- **EXERCISE INPUT**:
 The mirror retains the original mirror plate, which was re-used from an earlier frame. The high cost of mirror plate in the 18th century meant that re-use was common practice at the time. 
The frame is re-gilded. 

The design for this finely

--

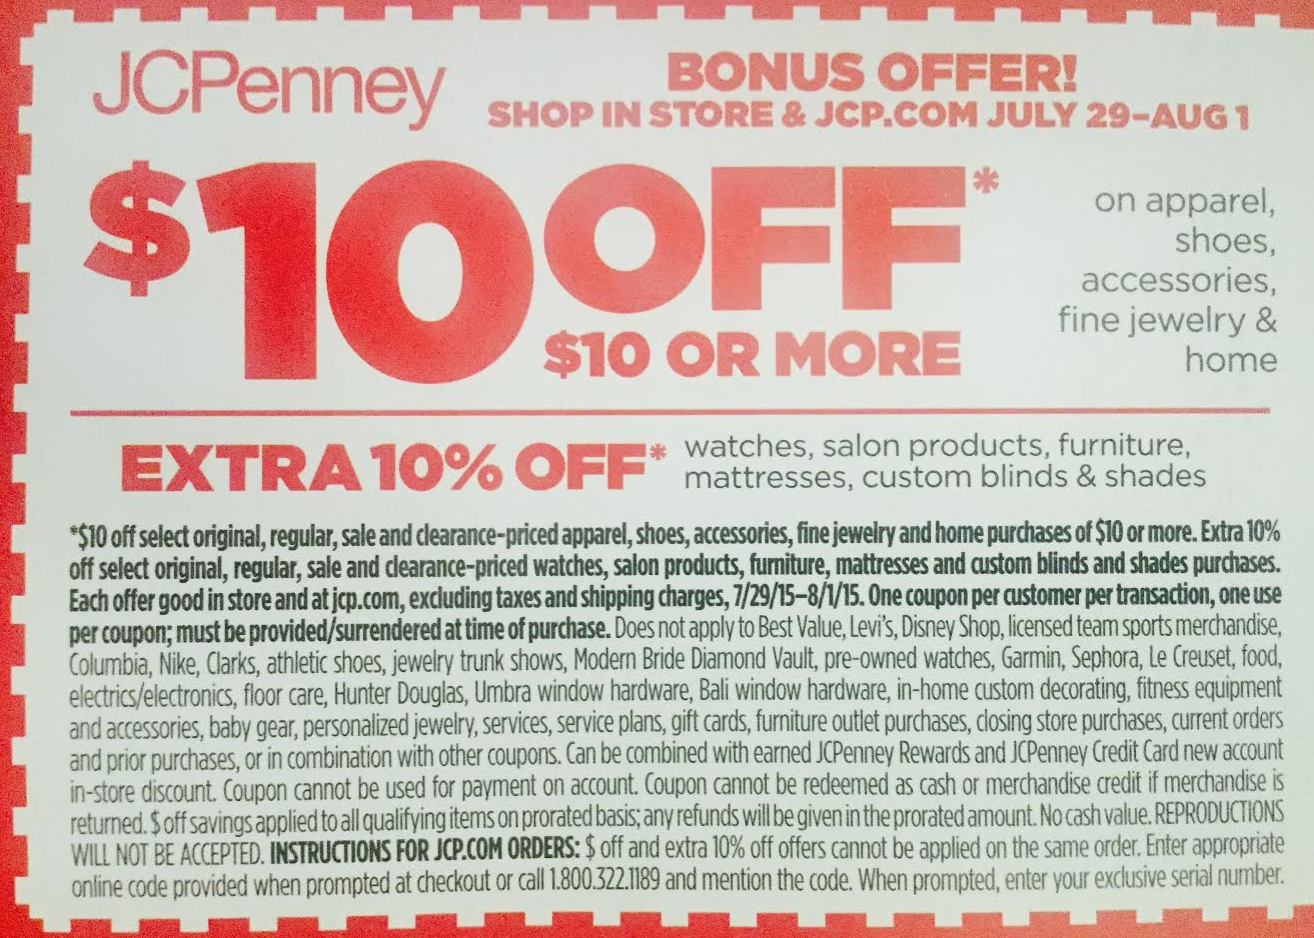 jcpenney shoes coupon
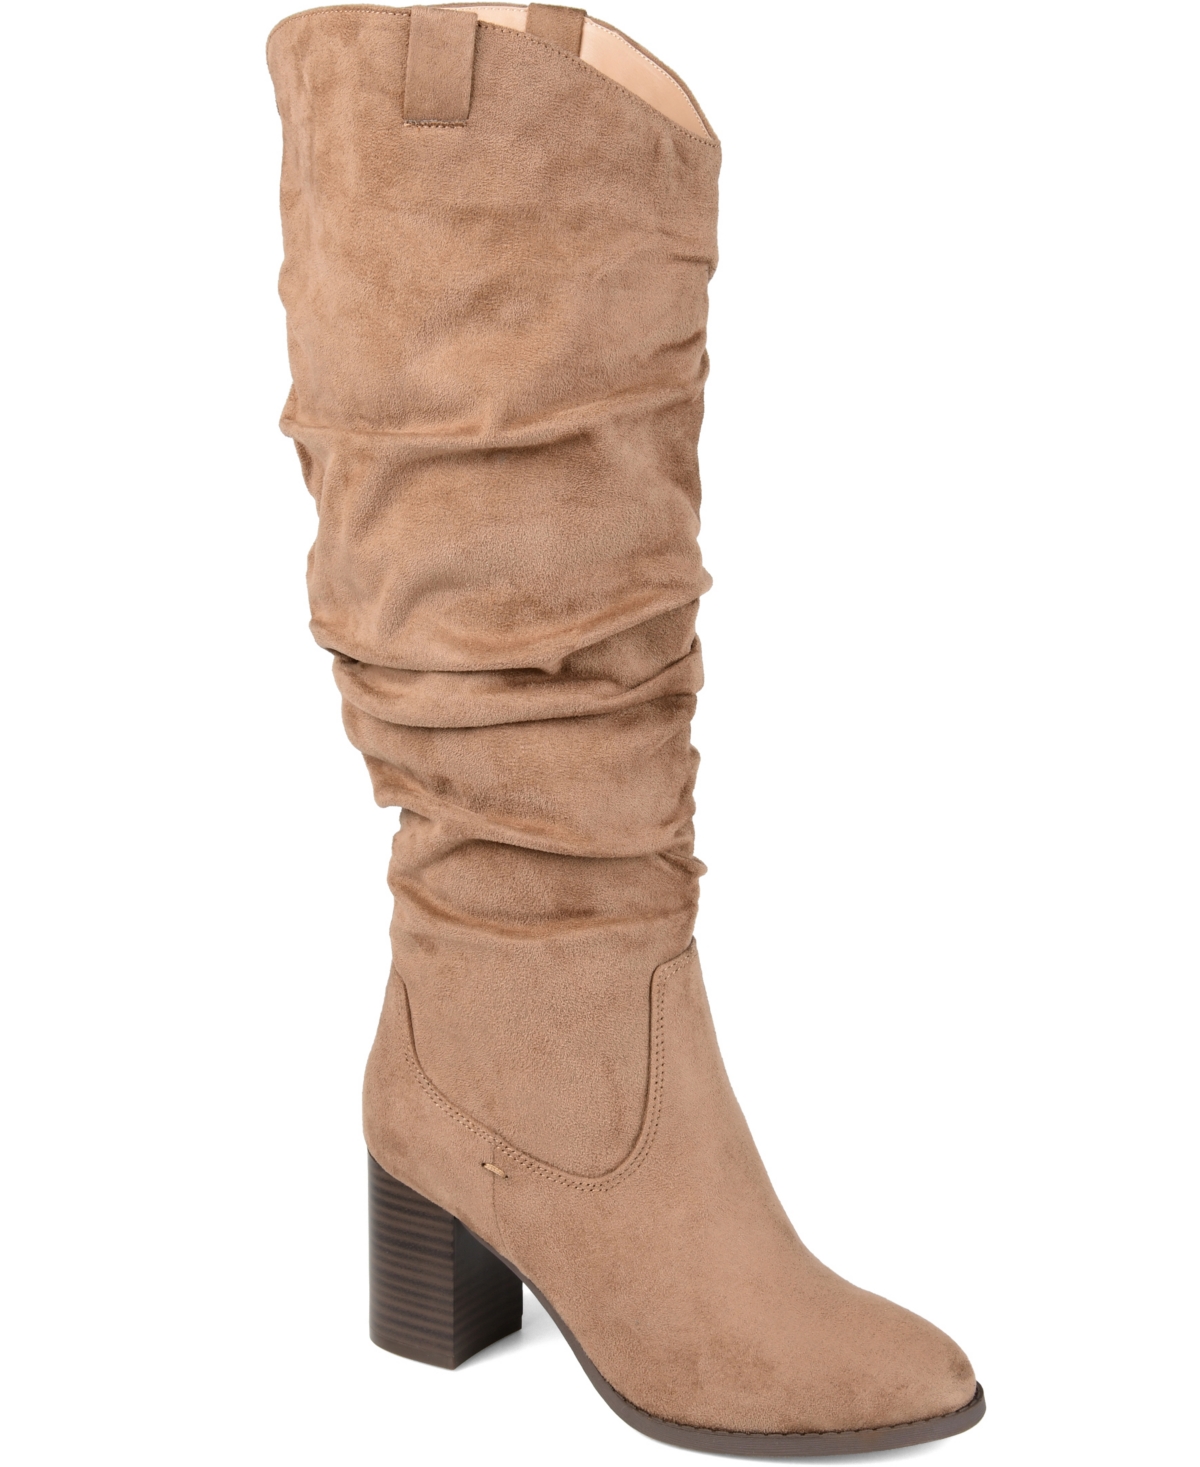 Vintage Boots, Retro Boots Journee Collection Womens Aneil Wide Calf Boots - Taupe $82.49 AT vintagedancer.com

- **WORK REQUIRED**:
Using the entries shown above, reproduce verbatim the lines from the line bearing "The mirror retains" to the line bearing "The design for this finely", inclusive.

- **TASK RESPONSE**:
 The mirror retains the original mirror plate, which was re-used from an earlier frame. The high cost of mirror plate in the 18th century meant that re-use was common practice at the time. 
The frame is re-gilded. 

The design for this finely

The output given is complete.